» **Task statement**: When you transcribe the listing that follows, keep every line exact and omit the pictures.

» **Stored data**:

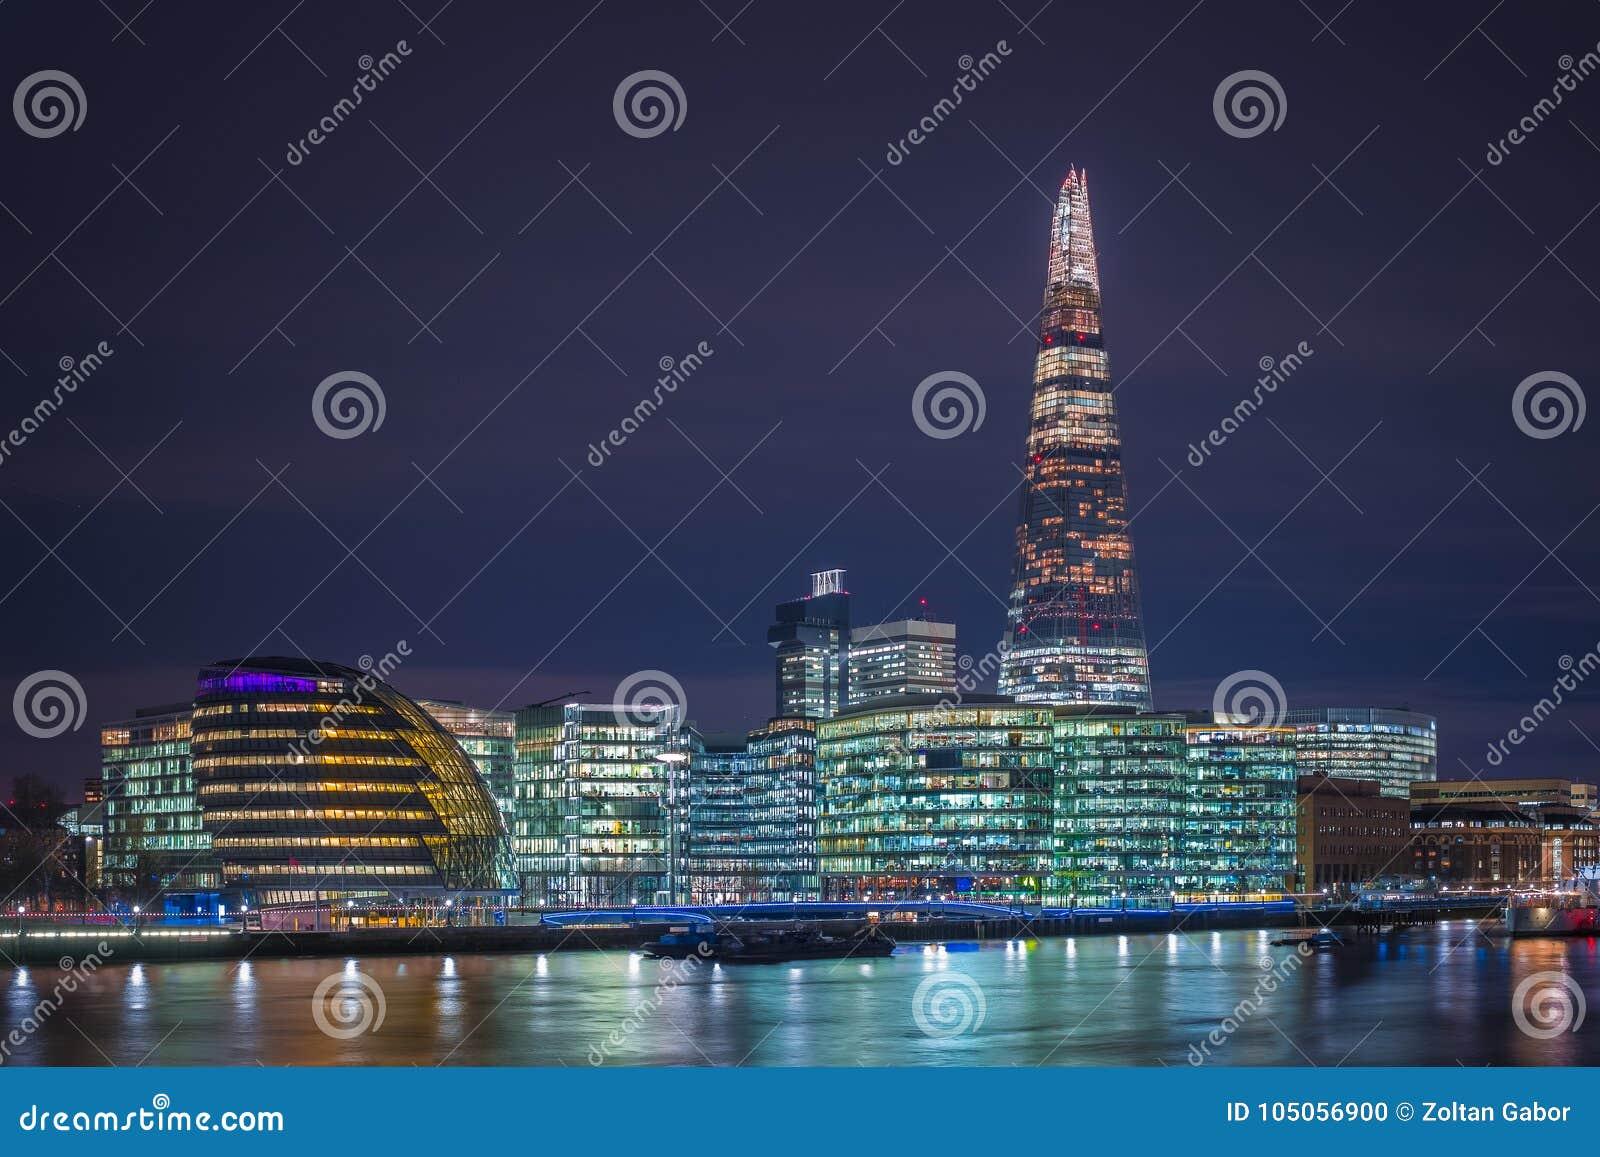 London, England - stadshus av London och kontor med den berömda skärvaskyskrapan vid natt
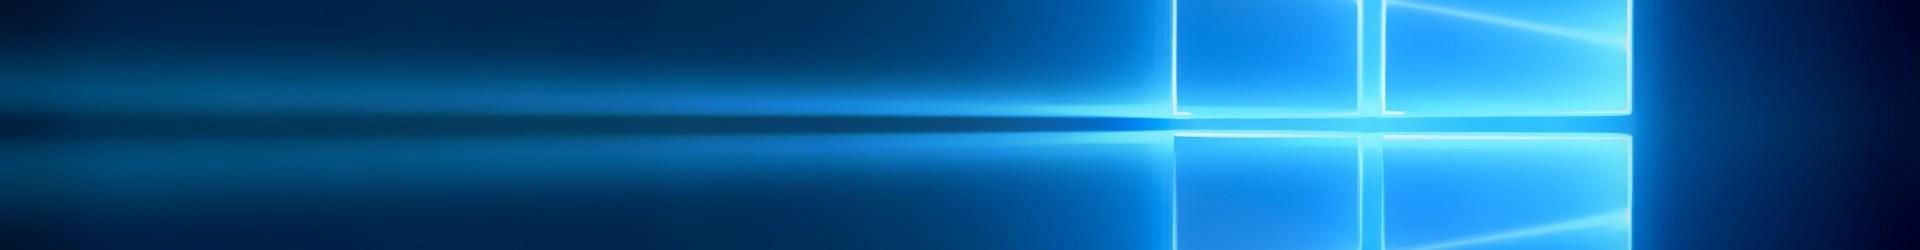 Come installare e configurare Home Assistant su Windows
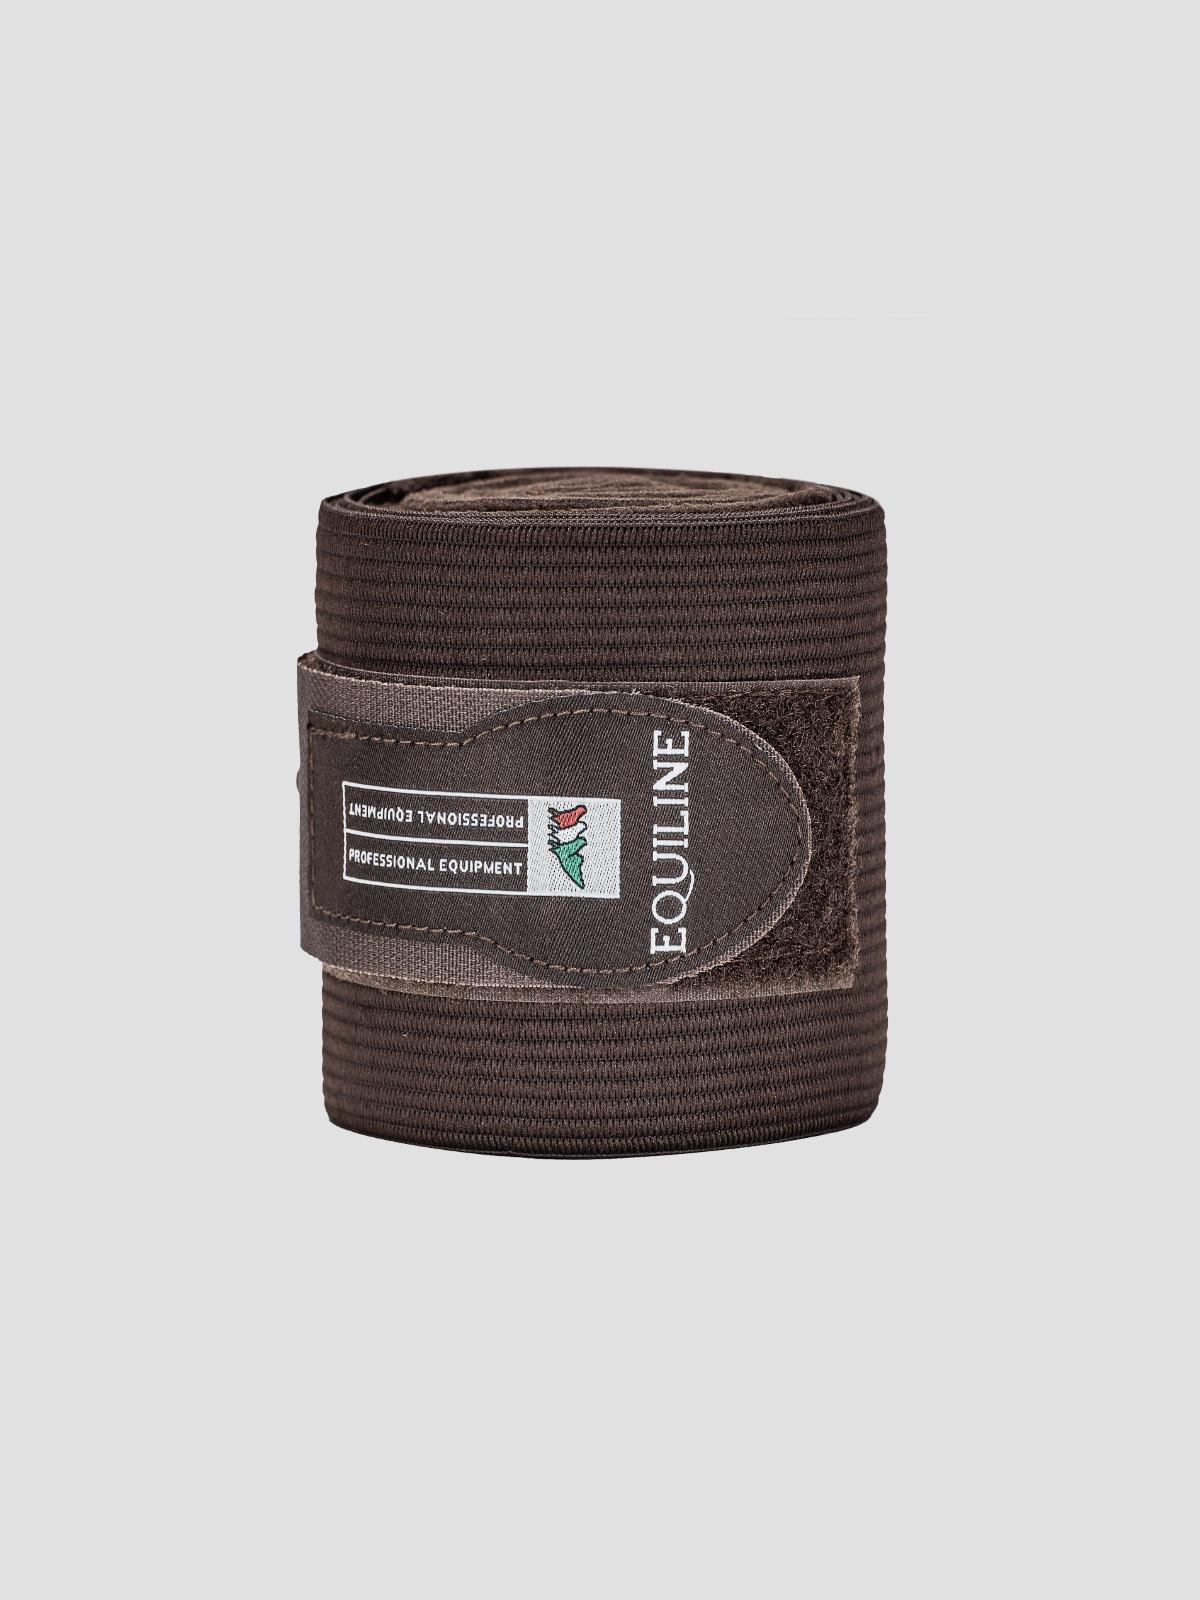 WORK - Fleece and Elastic Bandages 6
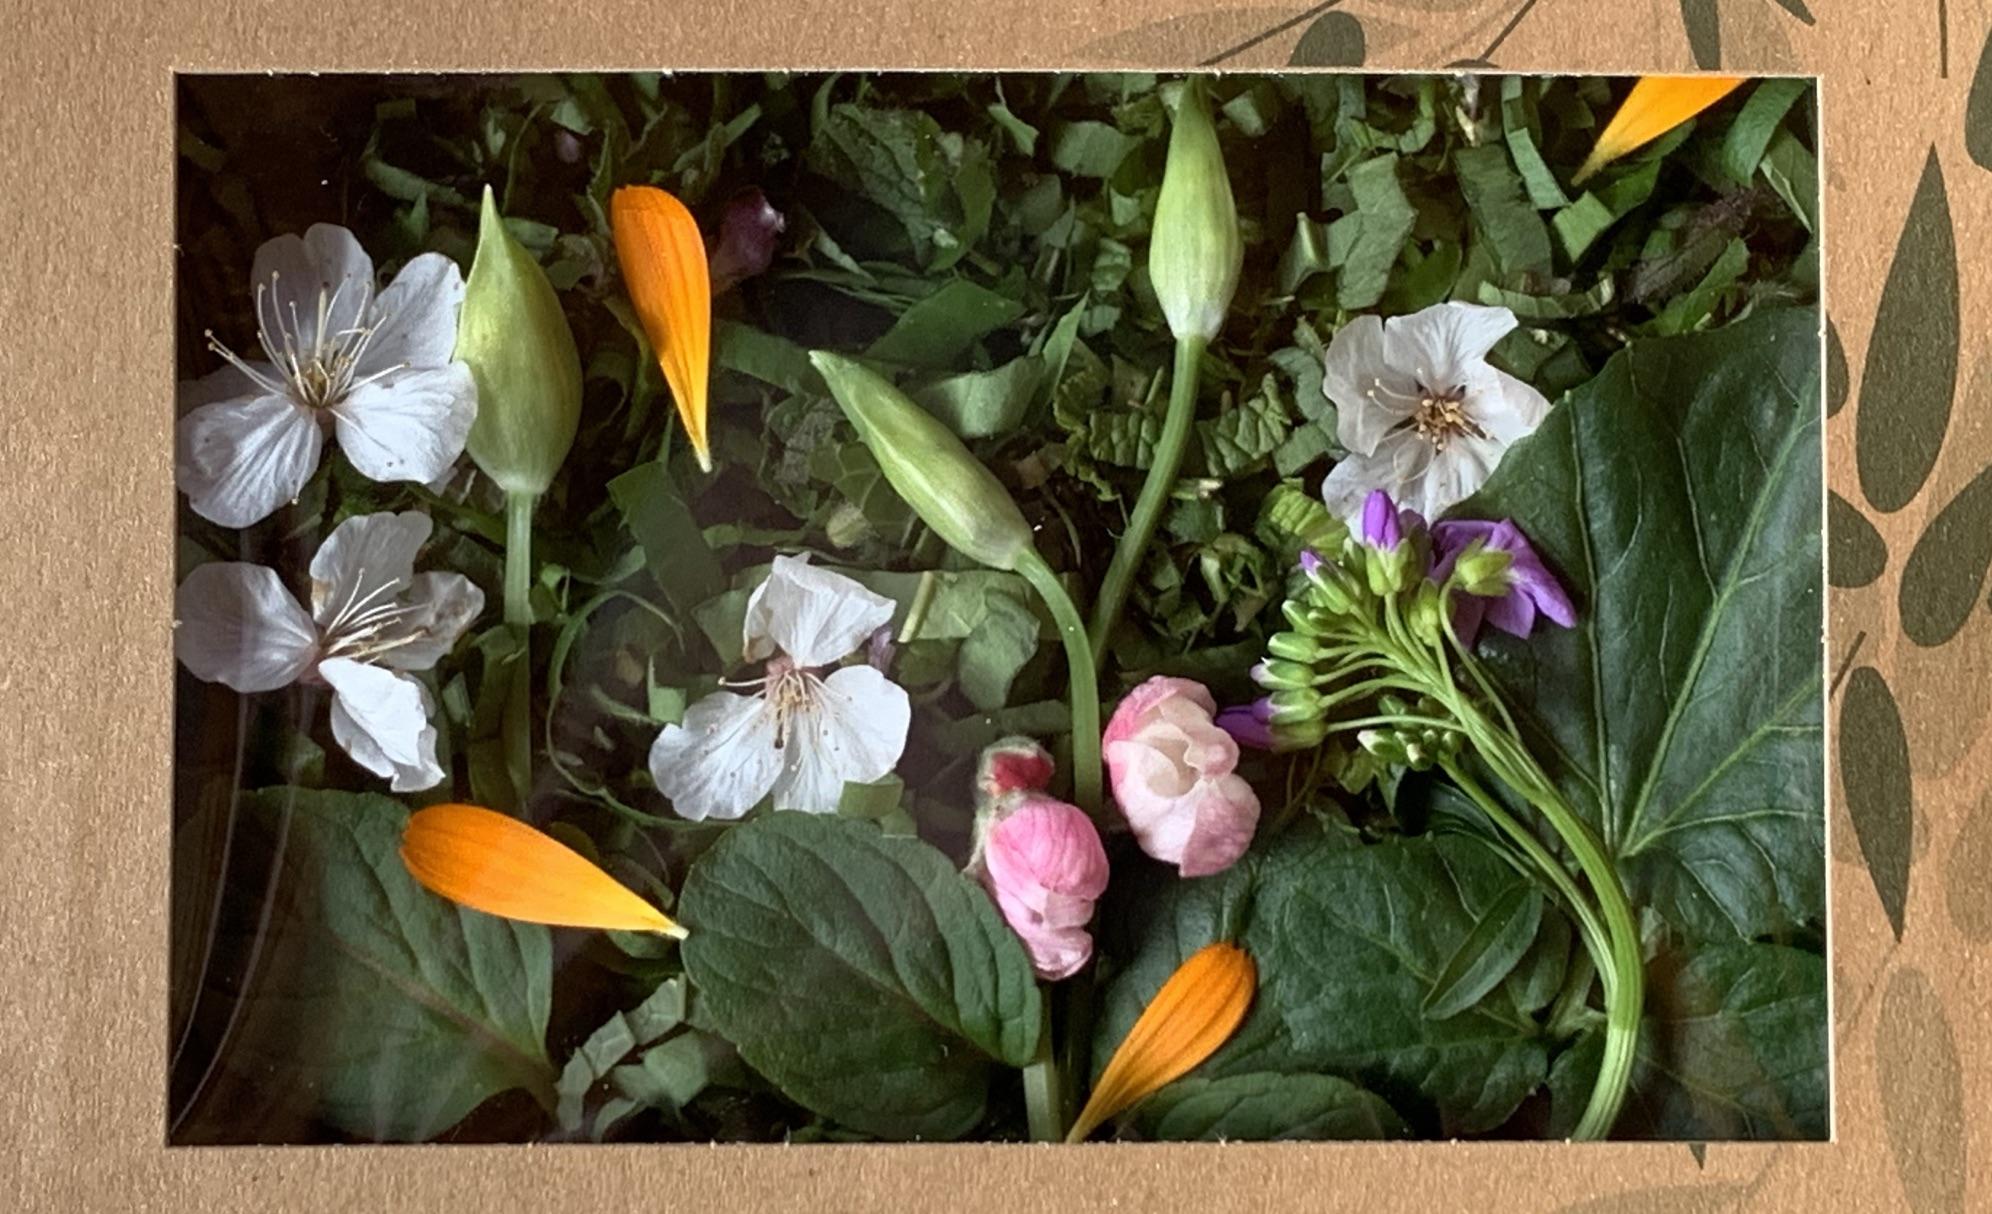 Bento «nouilles fraîches aux plantes sauvages» : composition lot par lot

» **Exercise output**:
 London, England - stadshus av London och kontor med den berömda skärvaskyskrapan vid natt
 Come installare e configurare Home Assistant su Windows
 WORK - Fleece and Elastic Bandages 6
 Bento «nouilles fraîches aux plantes sauvages» : composition lot par lot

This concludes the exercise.